• _YOUR OBJECTIVE_: Print the data that follows, exactly and completely.

• _RECORD EXTRACTS_:
========================
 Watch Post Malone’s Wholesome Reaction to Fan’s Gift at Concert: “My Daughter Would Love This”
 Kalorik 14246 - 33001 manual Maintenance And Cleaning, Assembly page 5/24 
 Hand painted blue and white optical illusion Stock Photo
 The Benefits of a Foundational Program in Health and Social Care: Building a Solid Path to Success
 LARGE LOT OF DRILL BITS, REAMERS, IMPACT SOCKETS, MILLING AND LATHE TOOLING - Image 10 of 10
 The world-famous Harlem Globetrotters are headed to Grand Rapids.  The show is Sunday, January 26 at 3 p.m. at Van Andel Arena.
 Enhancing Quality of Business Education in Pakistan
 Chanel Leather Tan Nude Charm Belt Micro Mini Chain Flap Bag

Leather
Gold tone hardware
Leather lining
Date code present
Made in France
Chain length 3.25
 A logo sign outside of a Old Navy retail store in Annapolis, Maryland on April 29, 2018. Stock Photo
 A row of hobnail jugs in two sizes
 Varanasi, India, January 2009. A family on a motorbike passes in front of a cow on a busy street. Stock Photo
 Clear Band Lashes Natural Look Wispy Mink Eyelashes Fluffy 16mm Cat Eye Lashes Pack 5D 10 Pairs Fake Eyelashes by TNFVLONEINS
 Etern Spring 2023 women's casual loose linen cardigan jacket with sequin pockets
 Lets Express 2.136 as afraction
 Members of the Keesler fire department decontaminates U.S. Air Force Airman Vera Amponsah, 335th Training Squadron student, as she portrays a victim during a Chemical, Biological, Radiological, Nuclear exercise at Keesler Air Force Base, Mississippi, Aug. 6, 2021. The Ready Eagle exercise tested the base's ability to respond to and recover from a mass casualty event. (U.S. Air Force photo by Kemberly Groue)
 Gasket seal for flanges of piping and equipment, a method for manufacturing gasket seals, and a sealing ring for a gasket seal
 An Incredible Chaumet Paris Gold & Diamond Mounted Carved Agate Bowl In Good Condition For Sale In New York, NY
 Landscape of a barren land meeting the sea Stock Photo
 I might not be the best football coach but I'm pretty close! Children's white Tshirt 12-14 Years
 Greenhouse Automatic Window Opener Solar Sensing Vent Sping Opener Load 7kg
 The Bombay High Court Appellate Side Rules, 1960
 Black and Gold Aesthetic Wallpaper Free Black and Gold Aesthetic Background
========================
• _RESULT FOR THIS TASK_:
 Watch Post Malone’s Wholesome Reaction to Fan’s Gift at Concert: “My Daughter Would Love This”
 Kalorik 14246 - 33001 manual Maintenance And Cleaning, Assembly page 5/24 
 Hand painted blue and white optical illusion Stock Photo
 The Benefits of a Foundational Program in Health and Social Care: Building a Solid Path to Success
 LARGE LOT OF DRILL BITS, REAMERS, IMPACT SOCKETS, MILLING AND LATHE TOOLING - Image 10 of 10
 The world-famous Harlem Globetrotters are headed to Grand Rapids.  The show is Sunday, January 26 at 3 p.m. at Van Andel Arena.
 Enhancing Quality of Business Education in Pakistan
 Chanel Leather Tan Nude Charm Belt Micro Mini Chain Flap Bag

Leather
Gold tone hardware
Leather lining
Date code present
Made in France
Chain length 3.25
 A logo sign outside of a Old Navy retail store in Annapolis, Maryland on April 29, 2018. Stock Photo
 A row of hobnail jugs in two sizes
 Varanasi, India, January 2009. A family on a motorbike passes in front of a cow on a busy street. Stock Photo
 Clear Band Lashes Natural Look Wispy Mink Eyelashes Fluffy 16mm Cat Eye Lashes Pack 5D 10 Pairs Fake Eyelashes by TNFVLONEINS
 Etern Spring 2023 women's casual loose linen cardigan jacket with sequin pockets
 Lets Express 2.136 as afraction
 Members of the Keesler fire department decontaminates U.S. Air Force Airman Vera Amponsah, 335th Training Squadron student, as she portrays a victim during a Chemical, Biological, Radiological, Nuclear exercise at Keesler Air Force Base, Mississippi, Aug. 6, 2021. The Ready Eagle exercise tested the base's ability to respond to and recover from a mass casualty event. (U.S. Air Force photo by Kemberly Groue)
 Gasket seal for flanges of piping and equipment, a method for manufacturing gasket seals, and a sealing ring for a gasket seal
 An Incredible Chaumet Paris Gold & Diamond Mounted Carved Agate Bowl In Good Condition For Sale In New York, NY
 Landscape of a barren land meeting the sea Stock Photo
 I might not be the best football coach but I'm pretty close! Children's white Tshirt 12-14 Years
 Greenhouse Automatic Window Opener Solar Sensing Vent Sping Opener Load 7kg
 The Bombay High Court Appellate Side Rules, 1960
 Black and Gold Aesthetic Wallpaper Free Black and Gold Aesthetic Background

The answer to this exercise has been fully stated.